An exact copy of the listing is required, with its pictures removed.

- _RECORDED INFORMATION_

== == ==

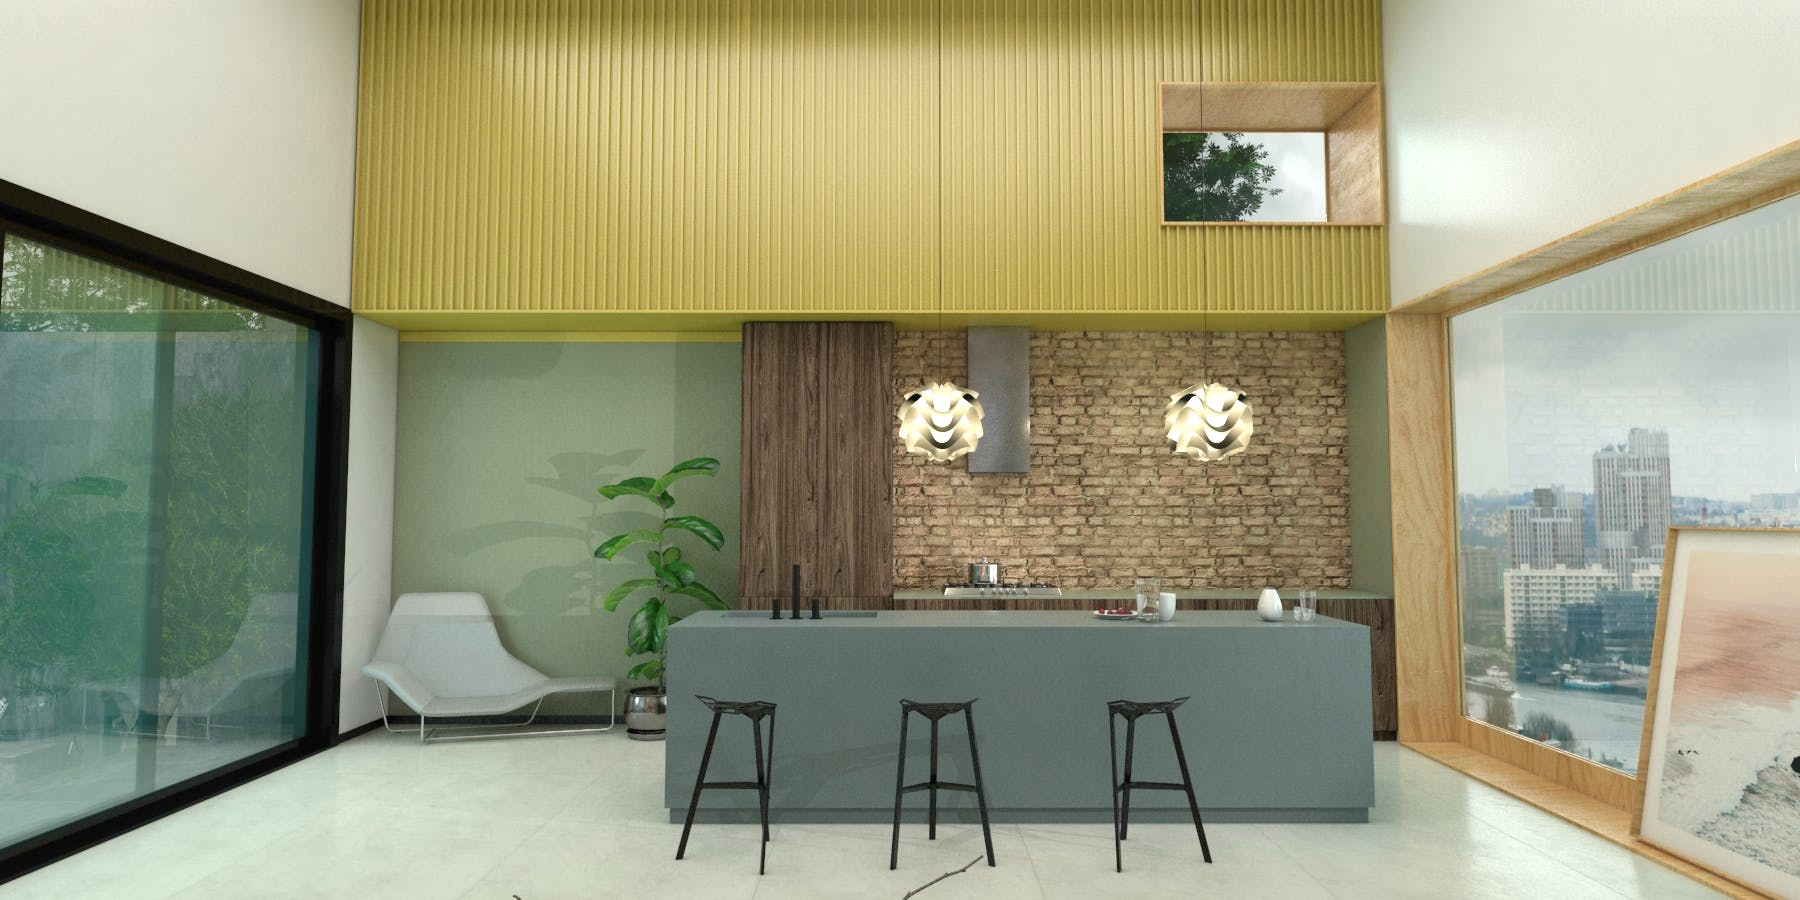 Image of Virtual stand Cosentino KBIS 2021 Kitchen 7 in Cosentino at KBIS 2021 - Cosentino
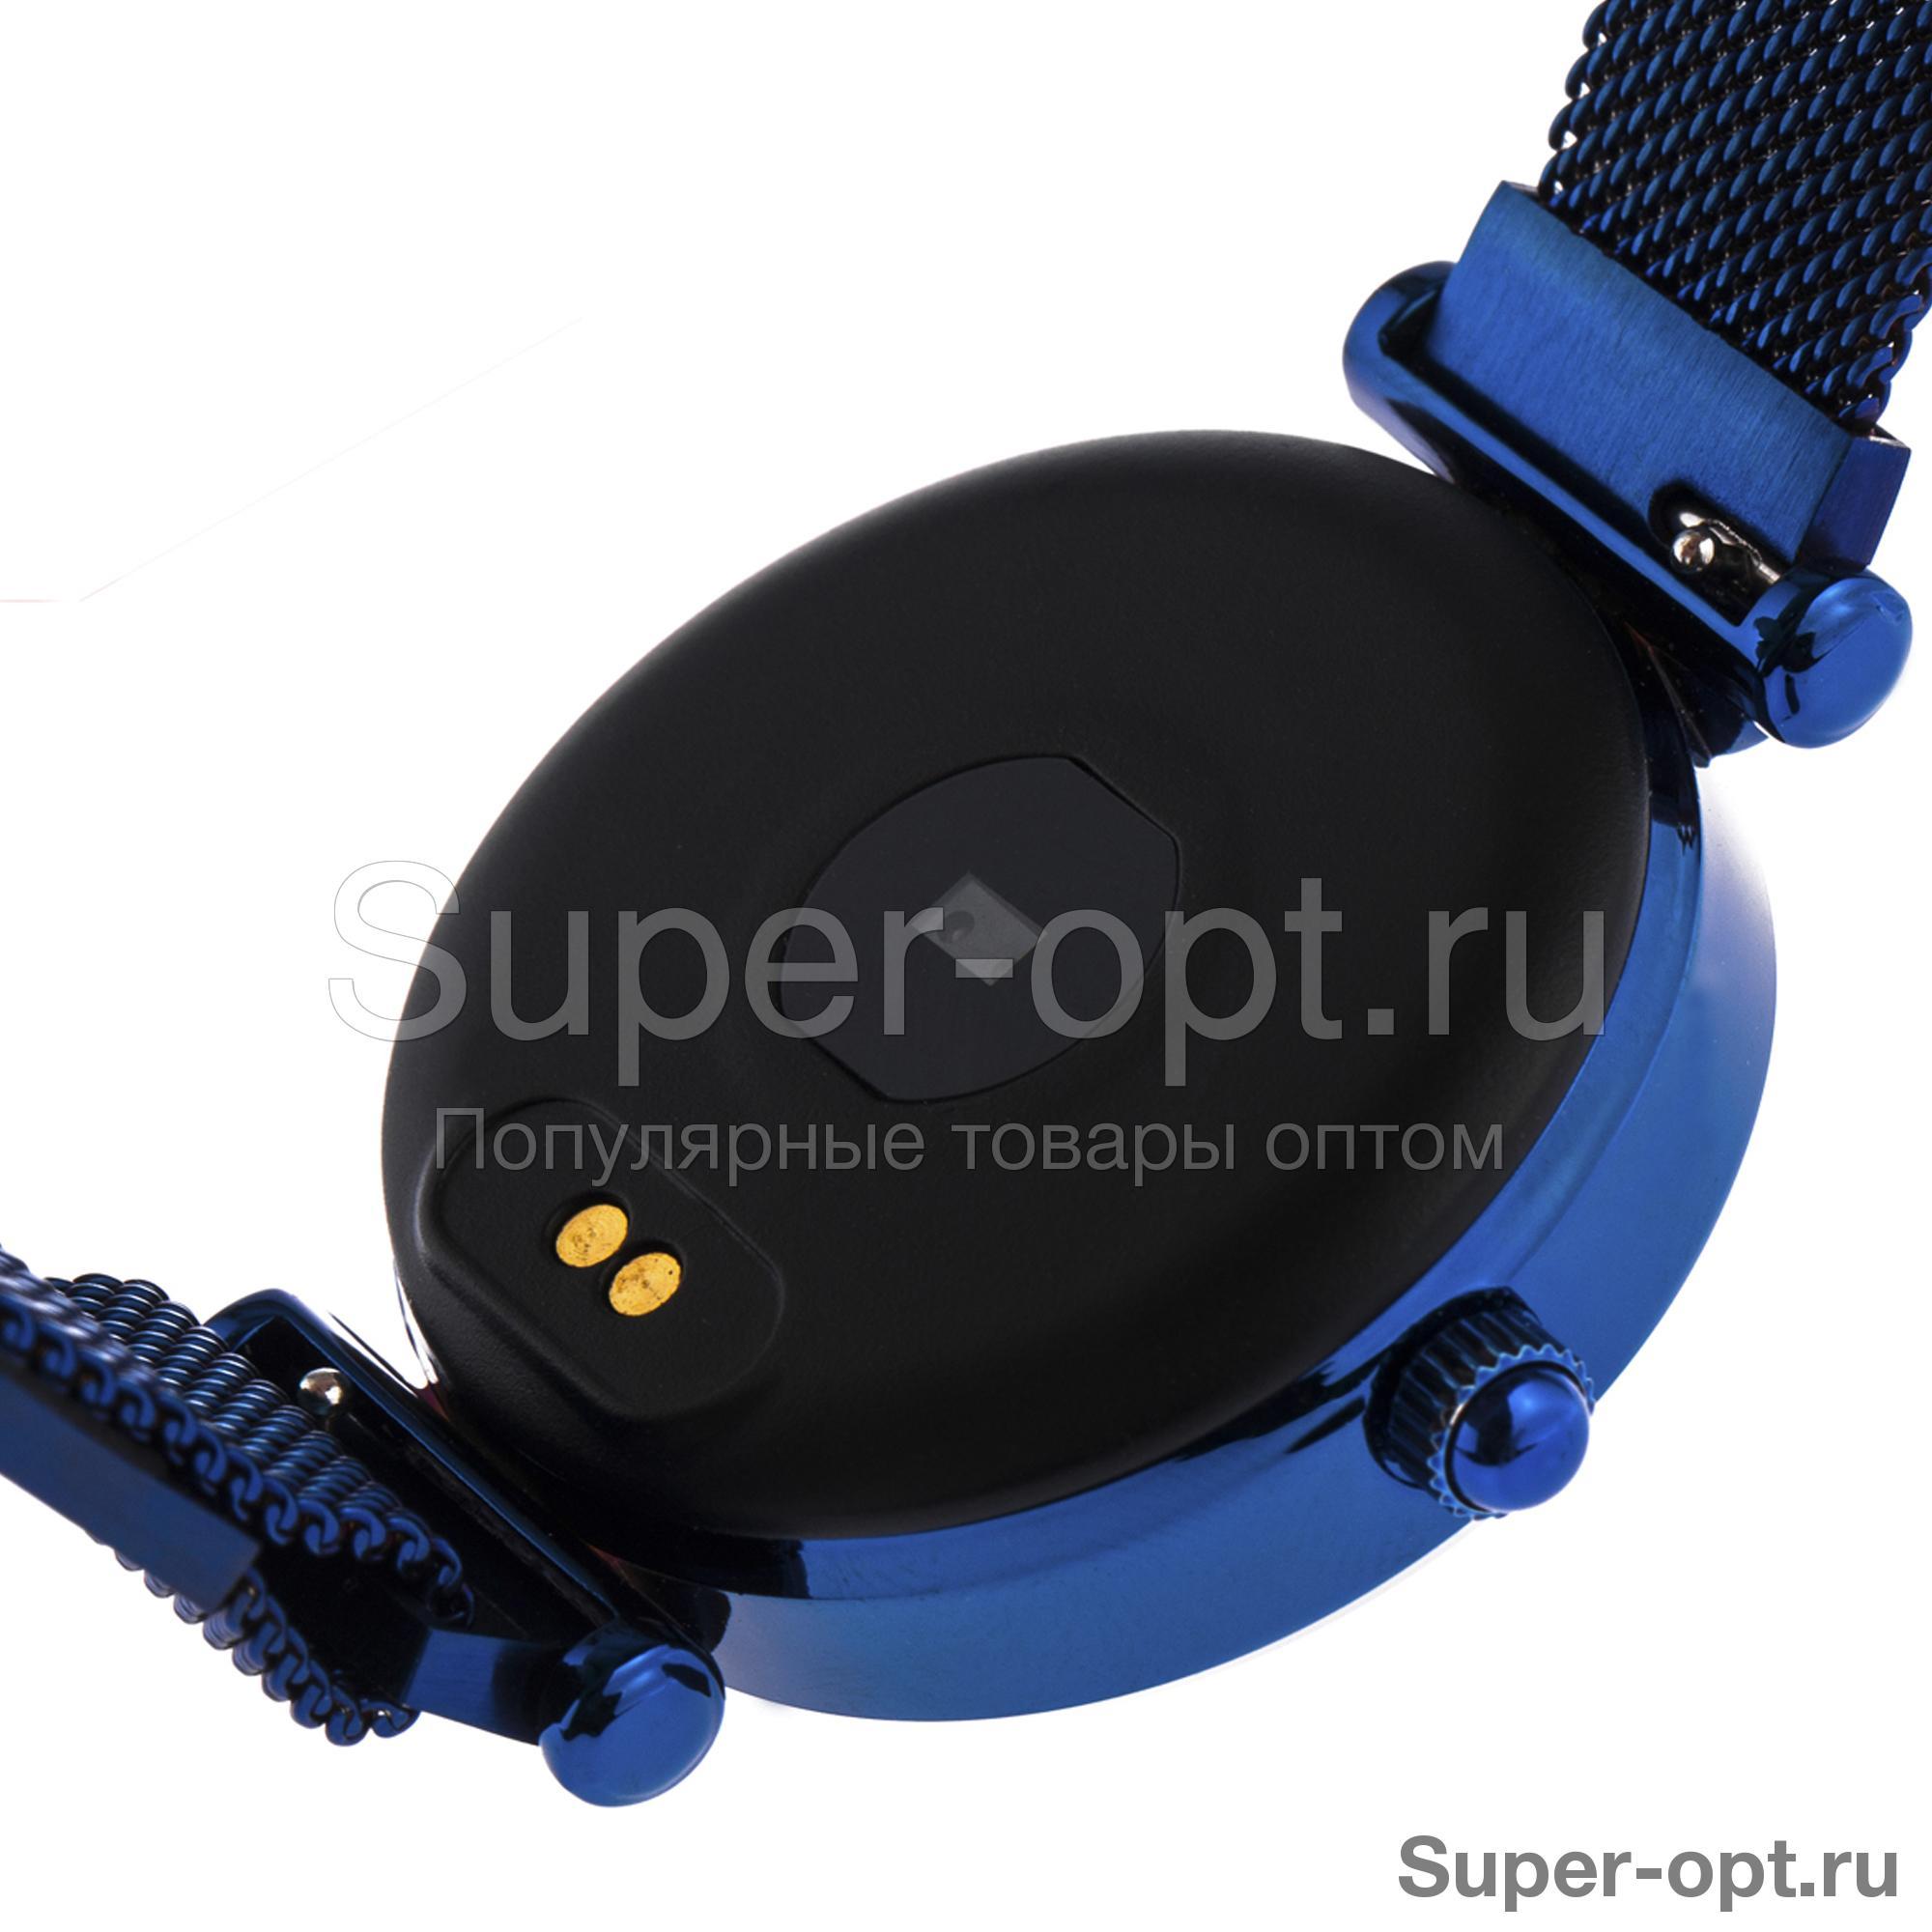 Умные часы Smart Watch Starry Sky H1 оптом
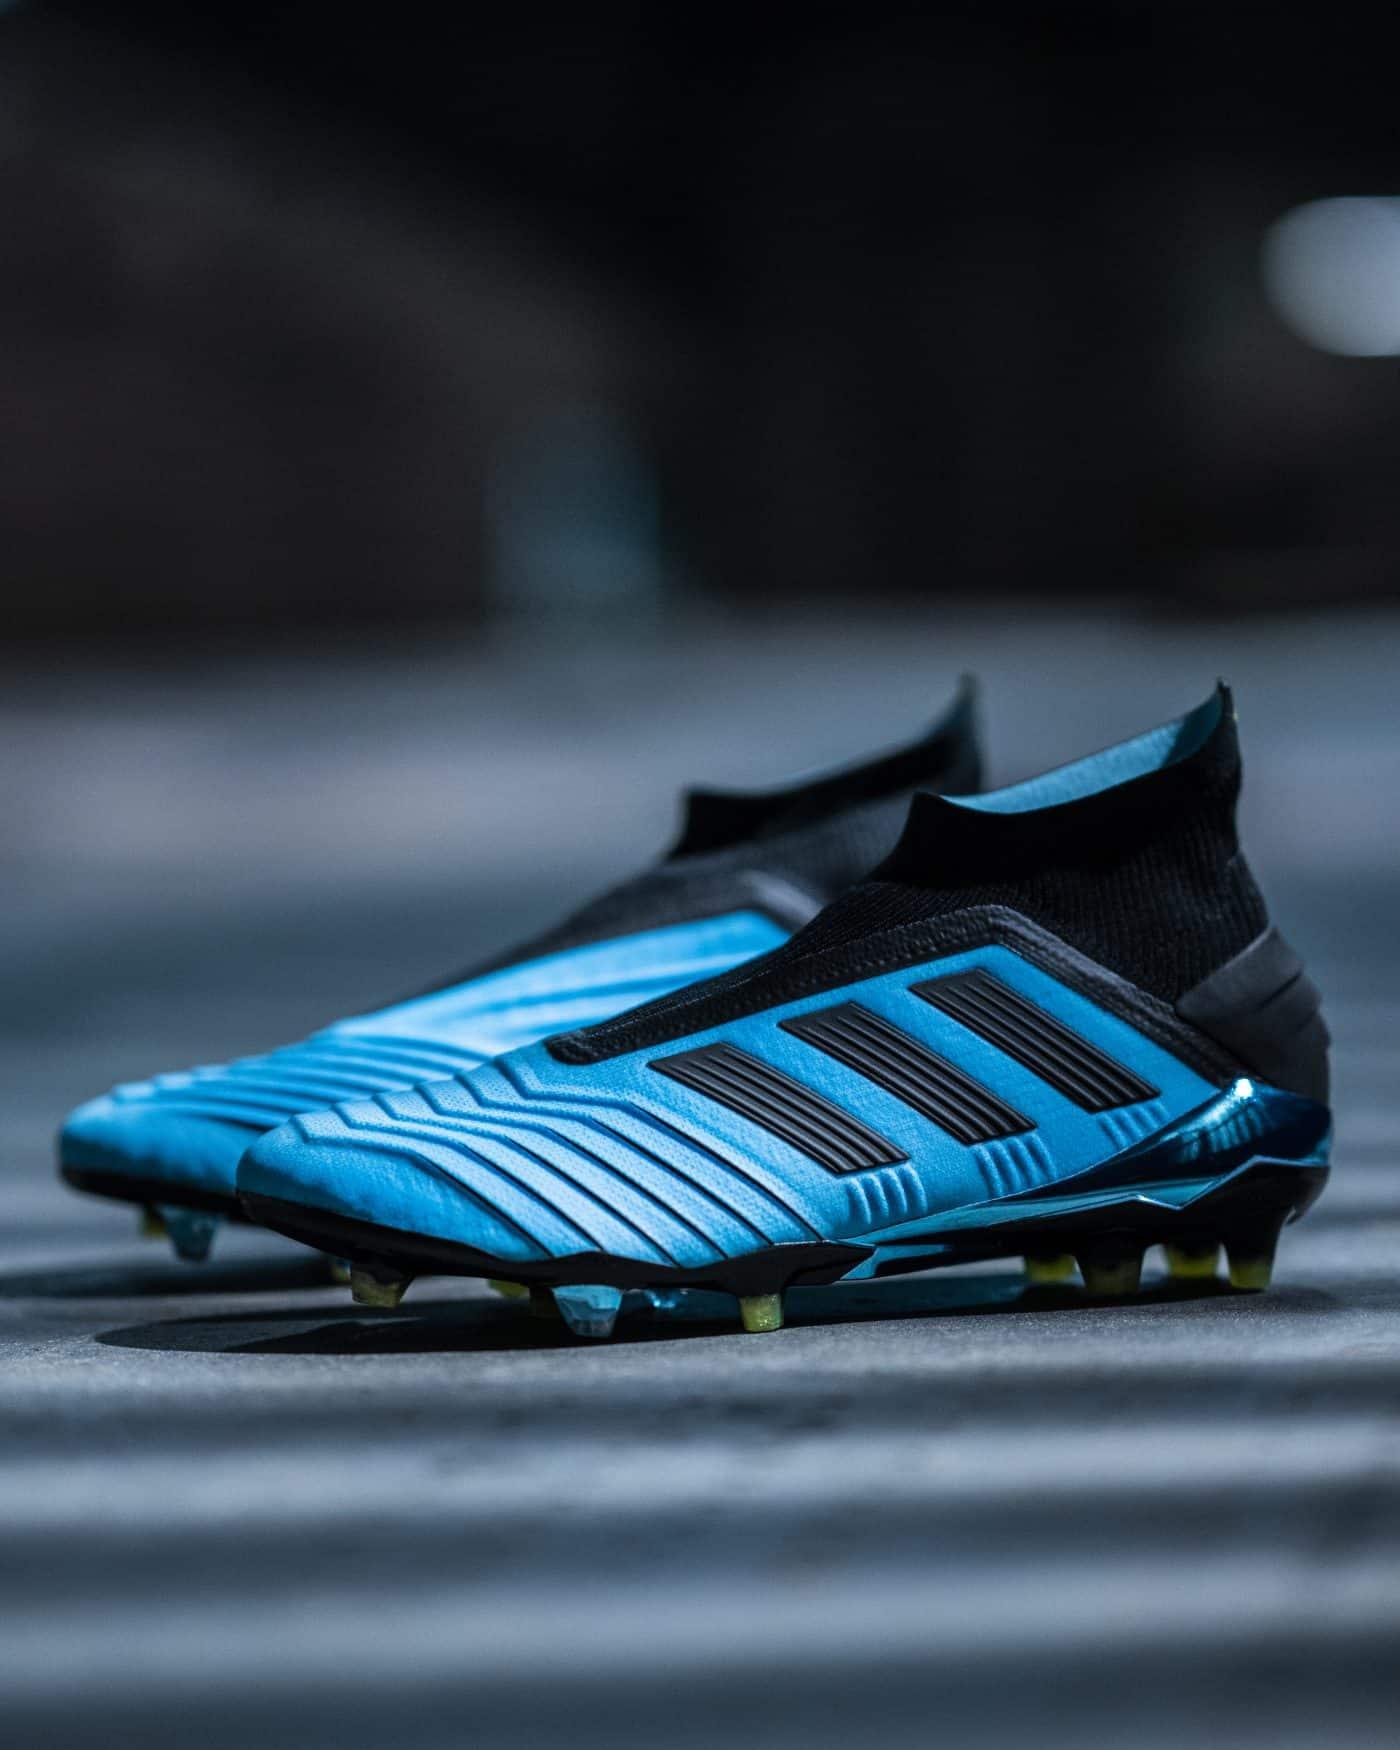 adidas-predator-19-pack-hard-wired-juillet-2019-2

== == ==

- _ANSWER SECTION_
 Image of Virtual stand Cosentino KBIS 2021 Kitchen 7 in Cosentino at KBIS 2021 - Cosentino
 Умные часы Smart Watch Starry Sky H1 оптом
 adidas-predator-19-pack-hard-wired-juillet-2019-2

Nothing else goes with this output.